What you have to do:
The material below holds the lines to copy: from the one with "Deviant Origins: Hesiodic" up to and including the one with "single een lijn". Copy them exactly and skip the pictures.

Task material:
****

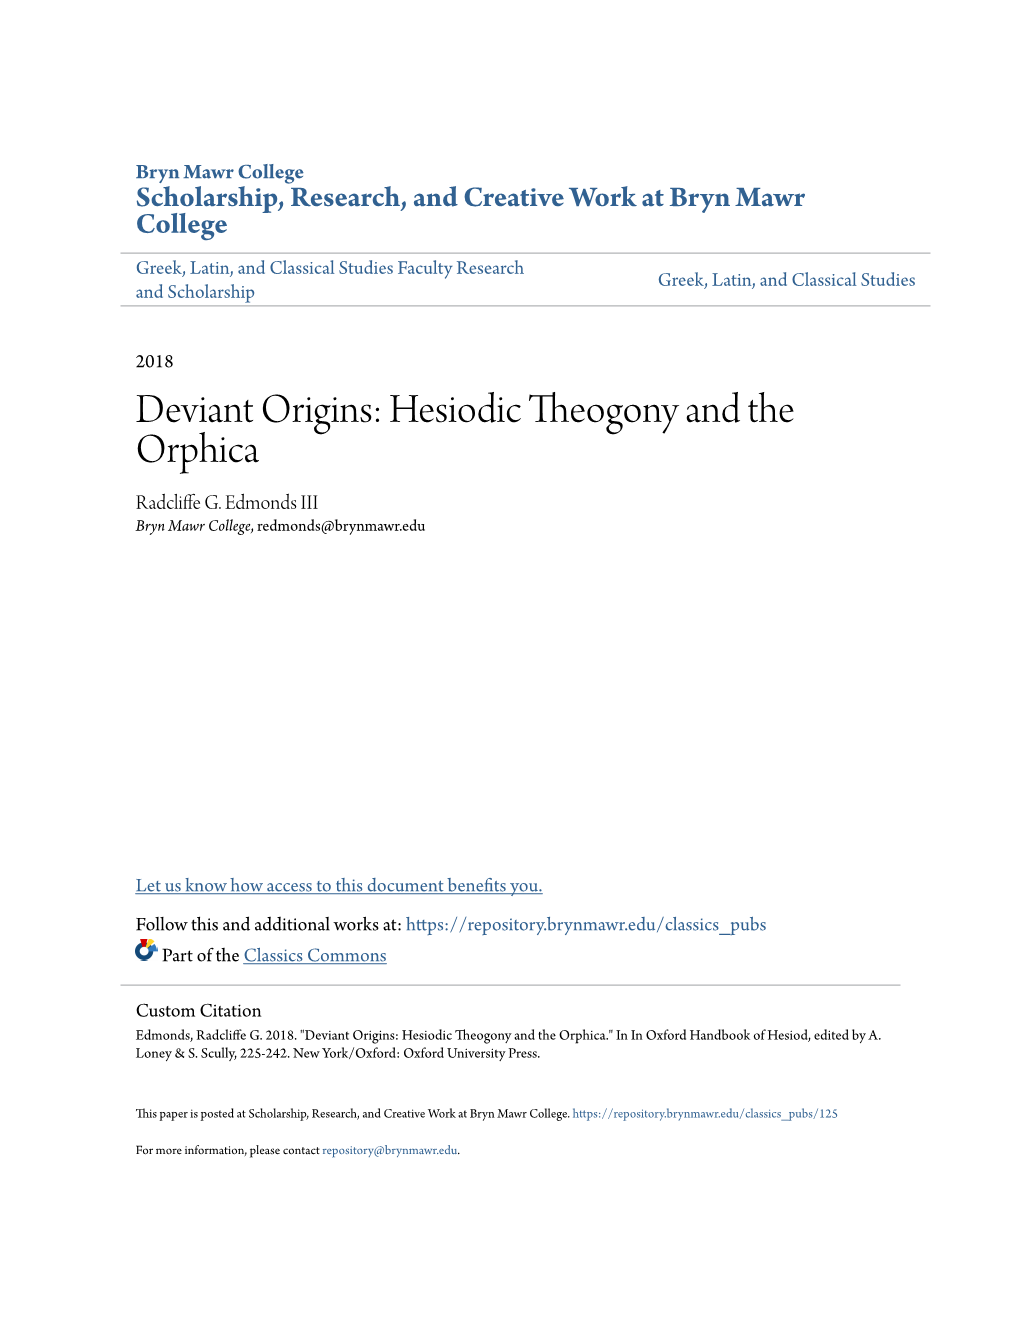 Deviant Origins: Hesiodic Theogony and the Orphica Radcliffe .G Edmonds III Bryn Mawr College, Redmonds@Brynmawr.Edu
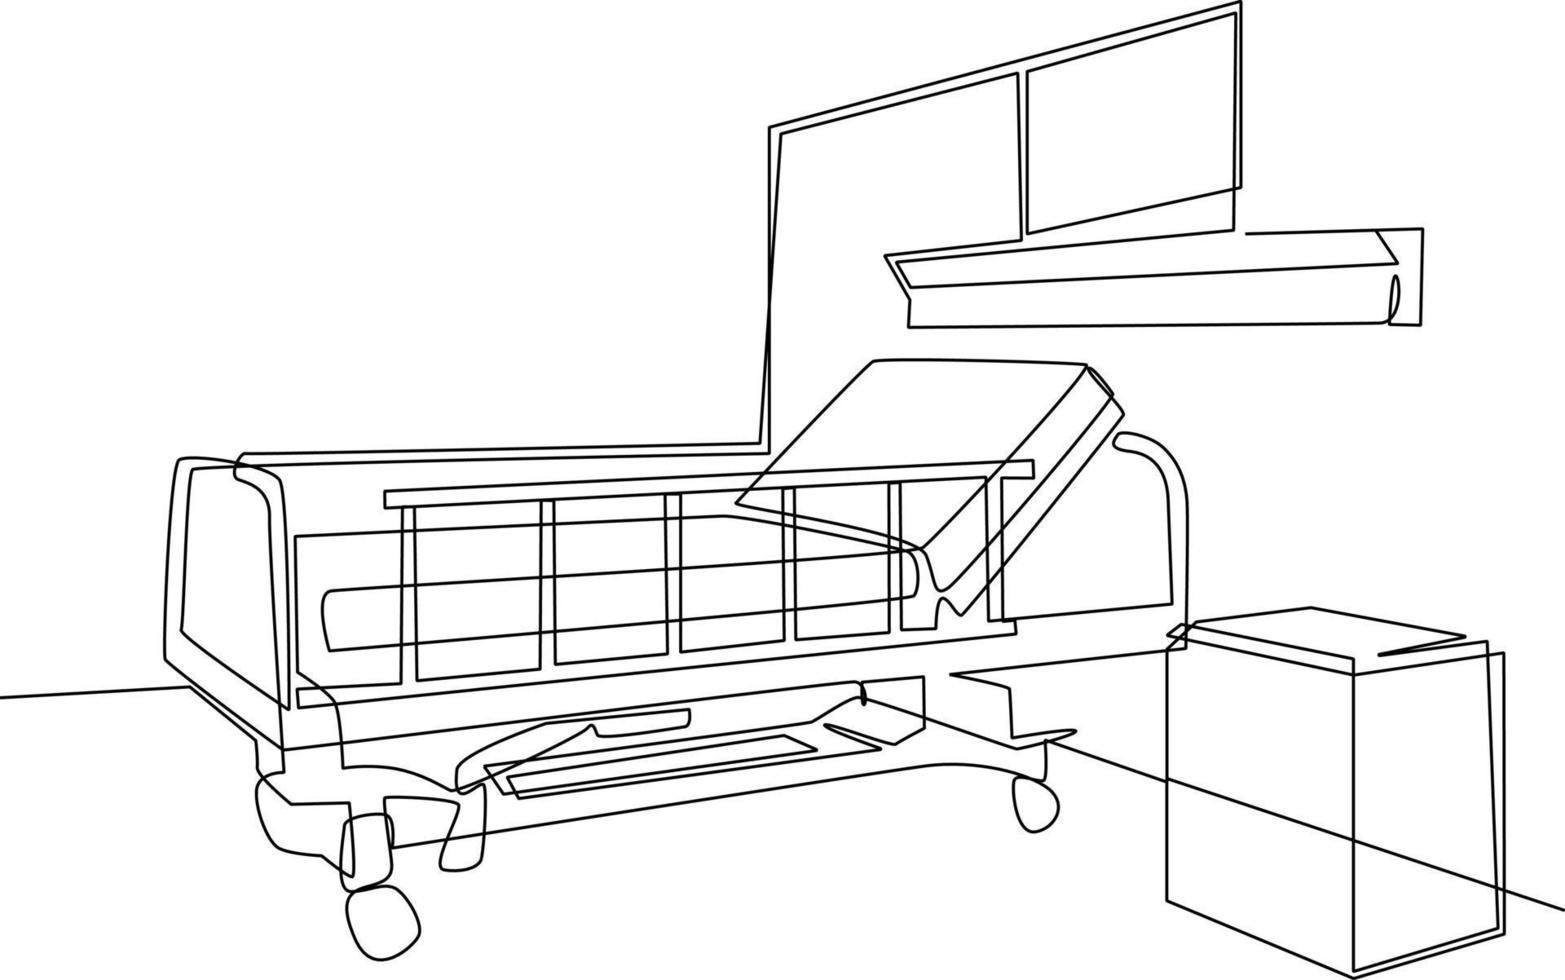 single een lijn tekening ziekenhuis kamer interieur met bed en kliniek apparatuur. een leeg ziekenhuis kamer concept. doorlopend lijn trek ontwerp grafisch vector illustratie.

****

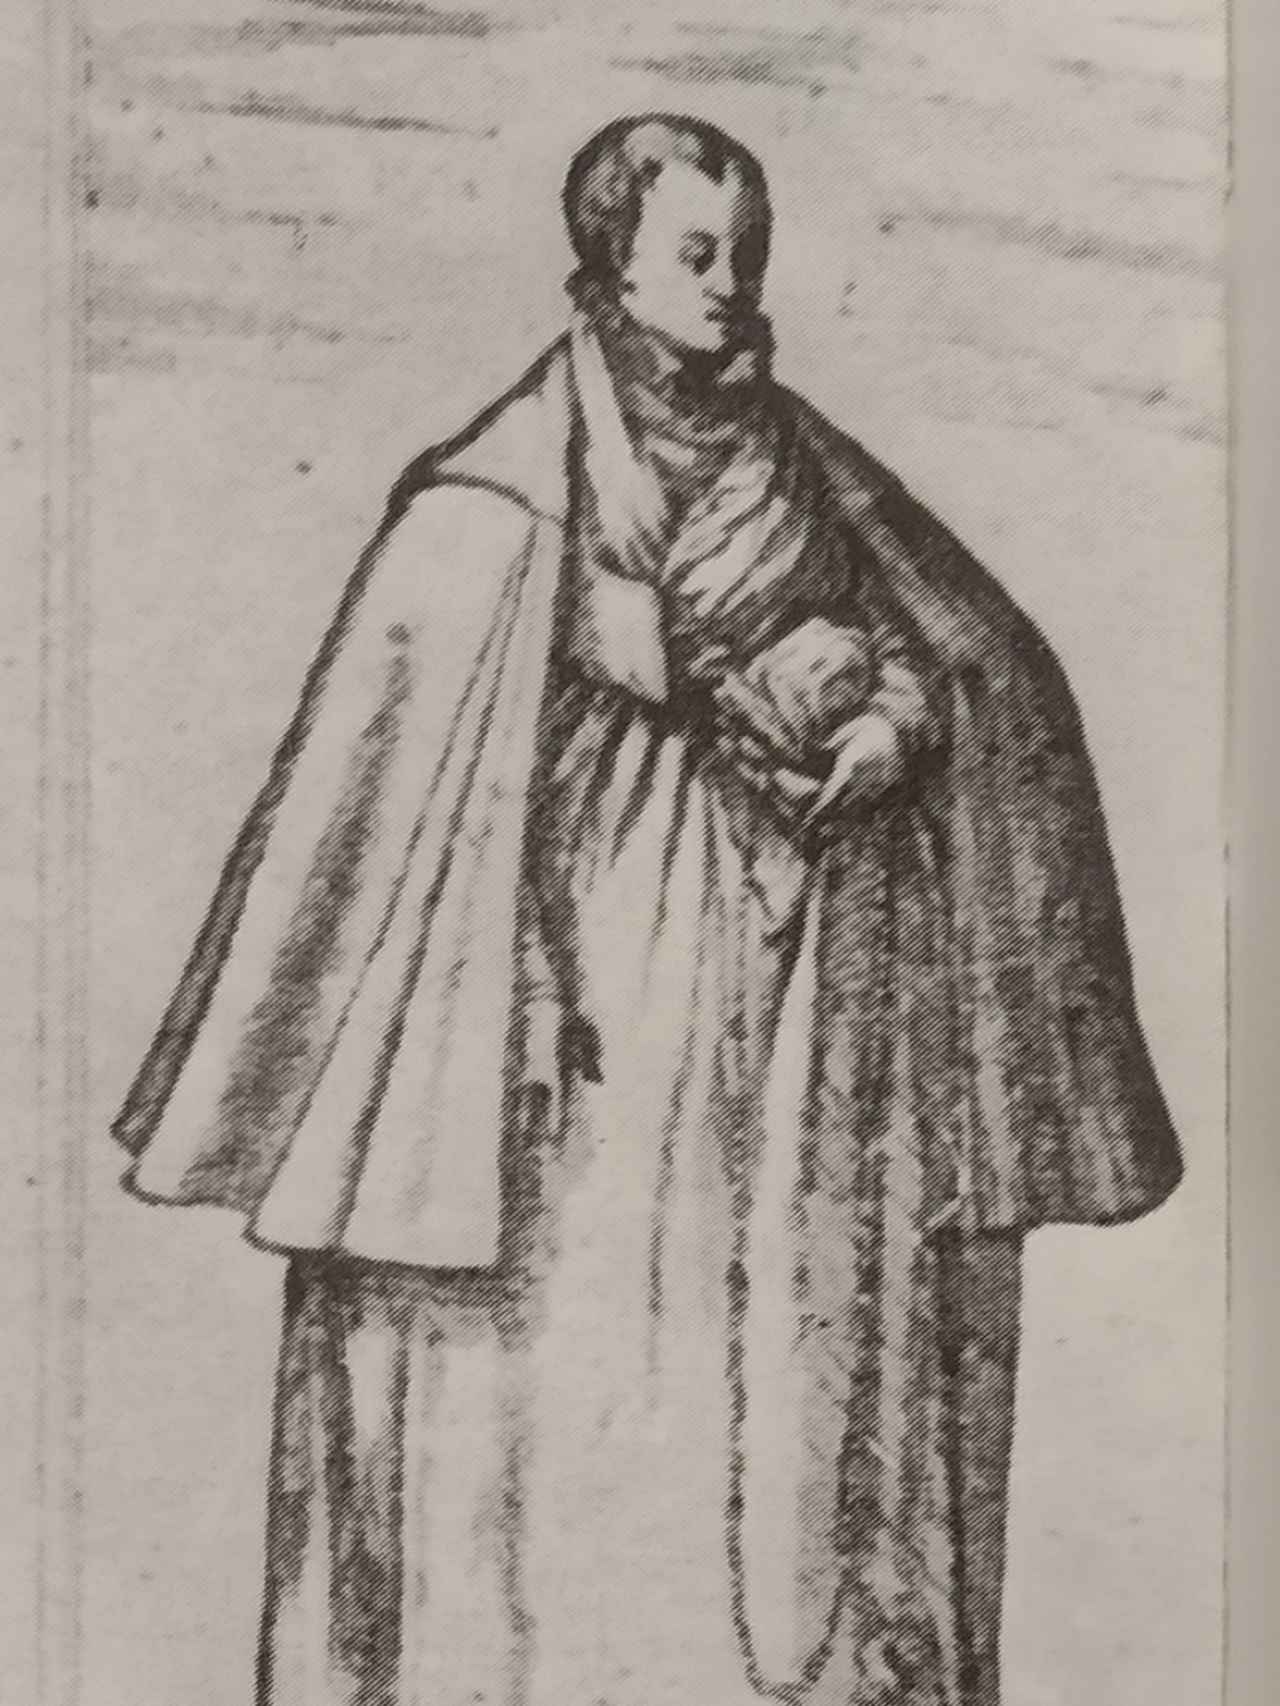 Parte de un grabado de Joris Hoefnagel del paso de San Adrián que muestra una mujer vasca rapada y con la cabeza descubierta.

****

Exercise solution:
 Deviant Origins: Hesiodic Theogony and the Orphica Radcliffe .G Edmonds III Bryn Mawr College, Redmonds@Brynmawr.Edu
 single een lijn tekening ziekenhuis kamer interieur met bed en kliniek apparatuur. een leeg ziekenhuis kamer concept. doorlopend lijn trek ontwerp grafisch vector illustratie.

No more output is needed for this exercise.